** Opening DATA SECTION block **

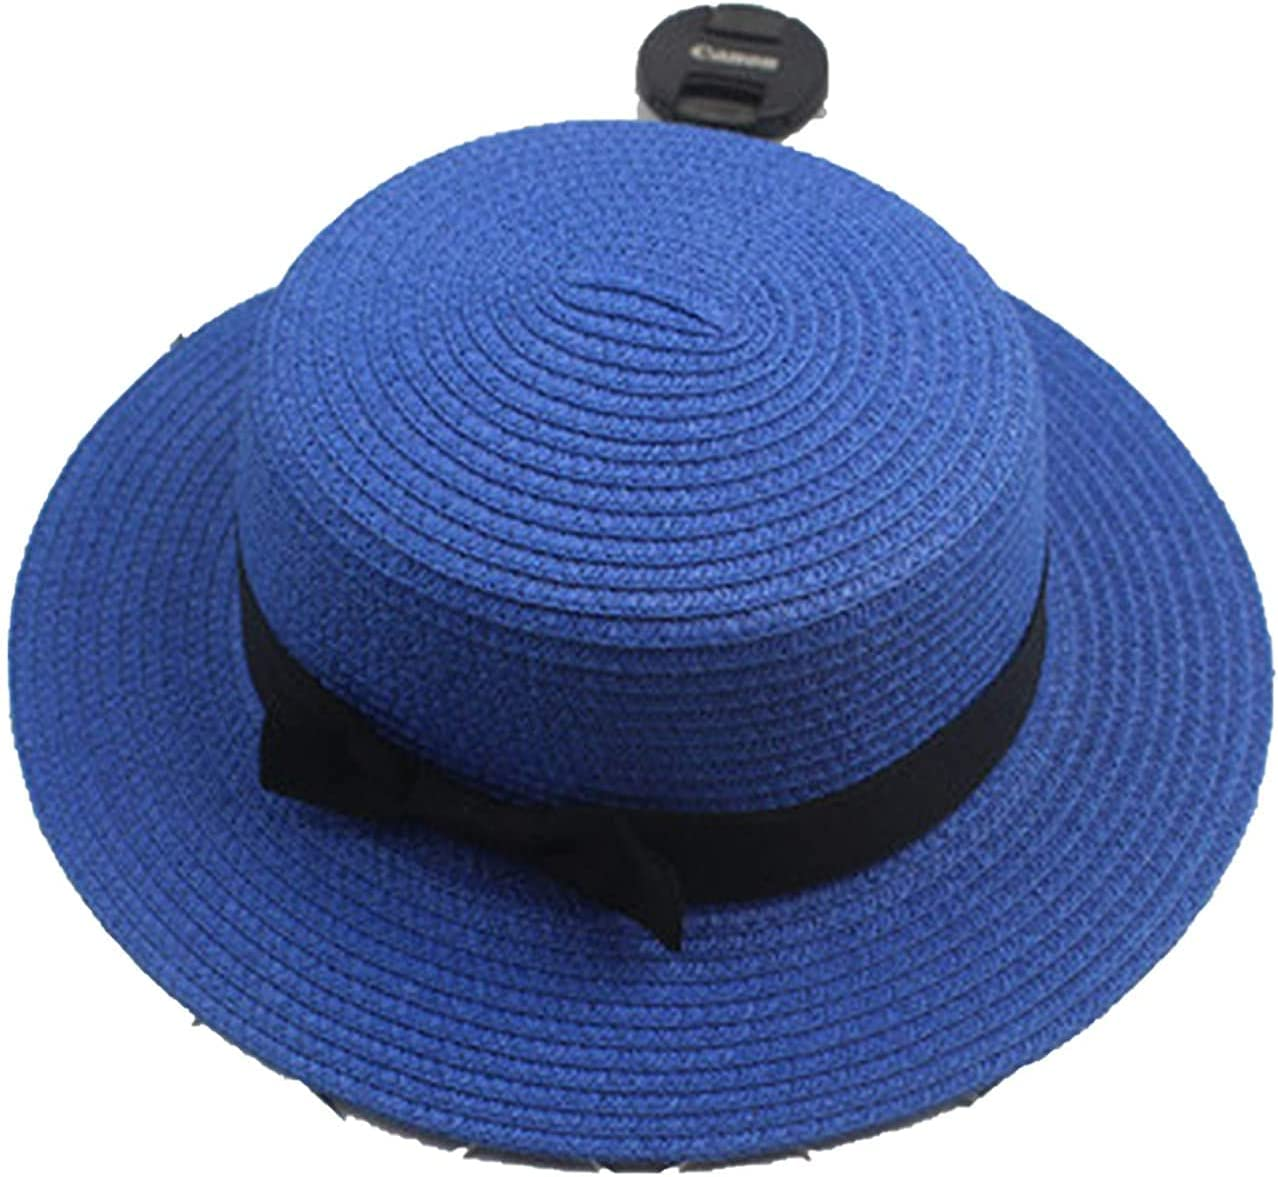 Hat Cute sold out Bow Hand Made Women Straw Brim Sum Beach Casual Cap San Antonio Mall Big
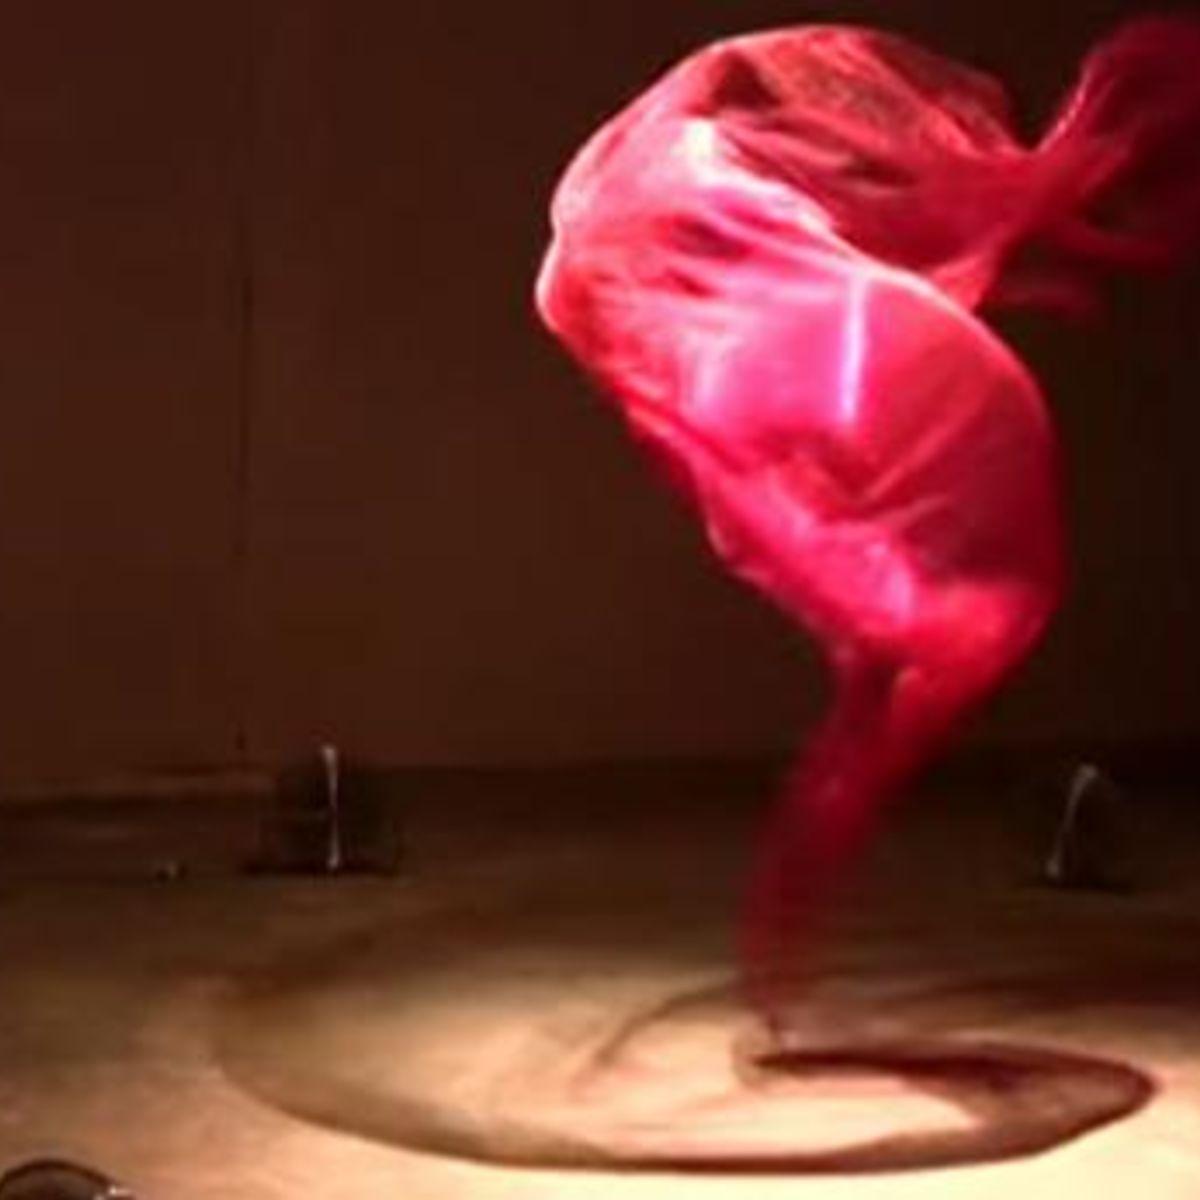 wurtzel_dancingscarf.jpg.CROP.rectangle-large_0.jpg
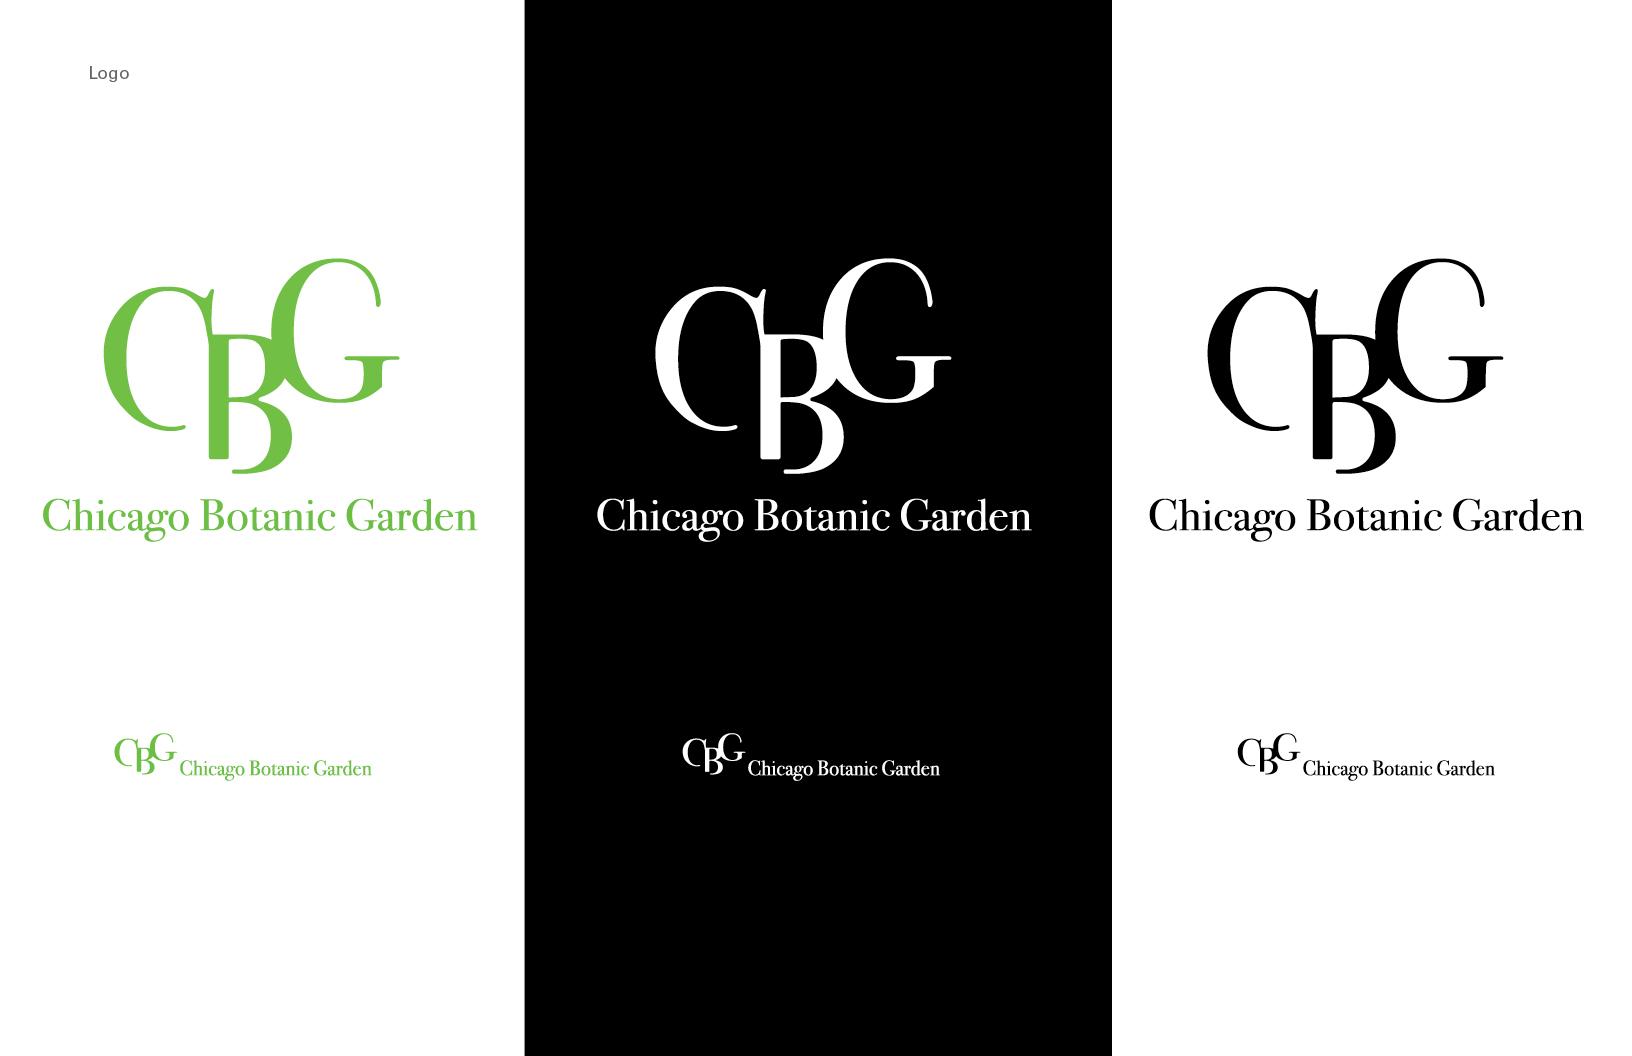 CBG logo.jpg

** Closing DATA SECTION block **

### WORK REQUEST
Output the material word for word, and keep the pictures out.

### RESULT OF THE EXERCISE
 Hat Cute sold out Bow Hand Made Women Straw Brim Sum Beach Casual Cap San Antonio Mall Big
 wurtzel_dancingscarf.jpg.CROP.rectangle-large_0.jpg
 CBG logo.jpg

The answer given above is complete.